Jonathan Collins, aged 34, from Watton and Neil Moon, aged 49, from Spalding were completely unaware of the dangers when they entered a passageway where the oxygen had been fatally depleted by concentrated nitrogen at Banham Poultry, in Attleborough.

Following an extensive investigation by the HSE and Norfolk Police’s Major Investigation Team, Banham Poultry Limited, which went into administration in October 2018, admitted two counts of failing to discharge a duty under the Health and Safety at Work etc. Act 1974.

Air Products PLC admitted one count of failing to discharge a duty under the Health and Safety at Work etc. Act 1974.

In doing so, they admitted that these breaches were causative of the deaths of Mr Moon and Mr Collins.
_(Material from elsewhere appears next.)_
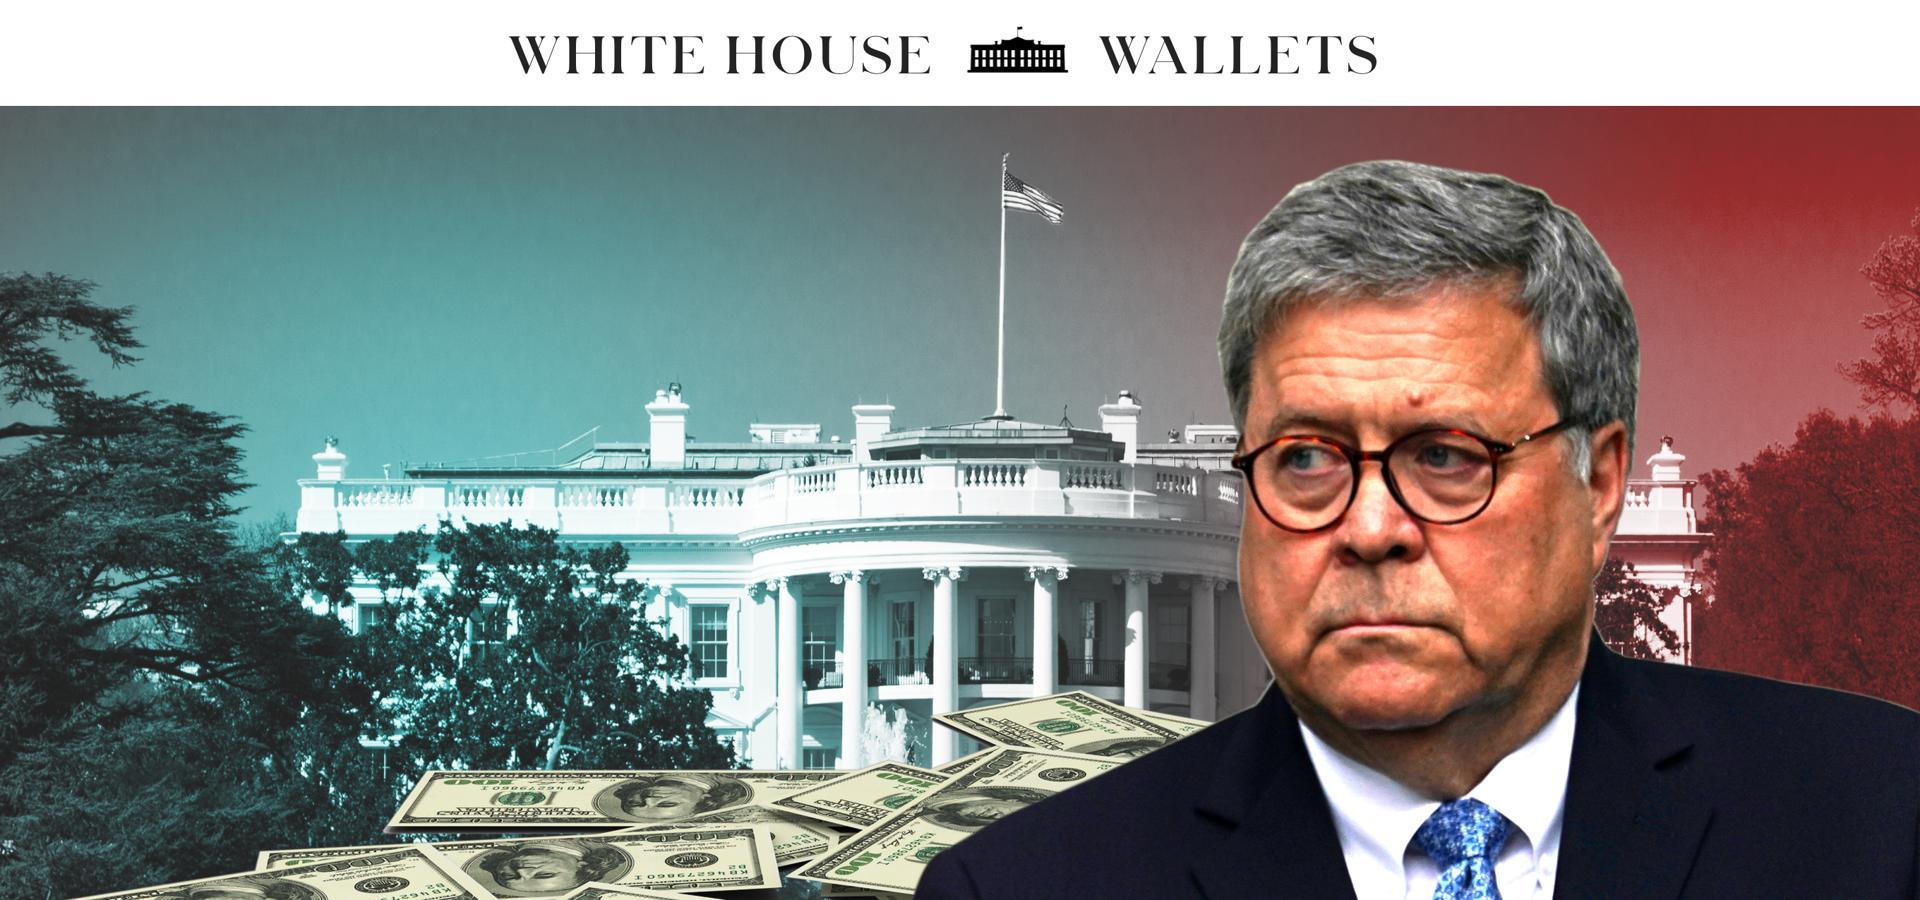 William Barr Net Worth

At the conclusion of a three-day sentencing hearing at Norwich Crown Court Banham Poultry Ltd, and Air Products PLC were fined £900 and £2,475,000 respectively.

Air Products were also ordered to pay over £83,000 in court courts.

The judge, Mrs Justice Farbey, said had Banham Poultry not been in liquidation she would have imposed a substantial fine.

Mr Moon, a father of three, married his partner of nearly 15 years just ten months before he died. The couple were expecting a baby and their son was born six months after his death. He was named Neil after his “amazing daddy.”

His wife Gillian described her husband as a calm, easy-going person who had a way of lifting the mood of everyone around him.

Mr Collins, a father of three children aged one, four, and six at the time was described by his fiancé Sara as “a friend to all and an enemy to none.”

She described the huge life-changing impact of Jon’s death on the whole family adding: “The events of that day and how this case has unfolded will live with my family forever.”

Dense clouds

The tragedy centred on the introduction of a SafeChill system at the Banham Poultry factory in May 2017.

The system was designed and owned by Air Products PLC and installed for use by Banham Poultry to deliver extreme low temperatures to the surface of bird carcasses to reduce levels of bacteria (campylobacter).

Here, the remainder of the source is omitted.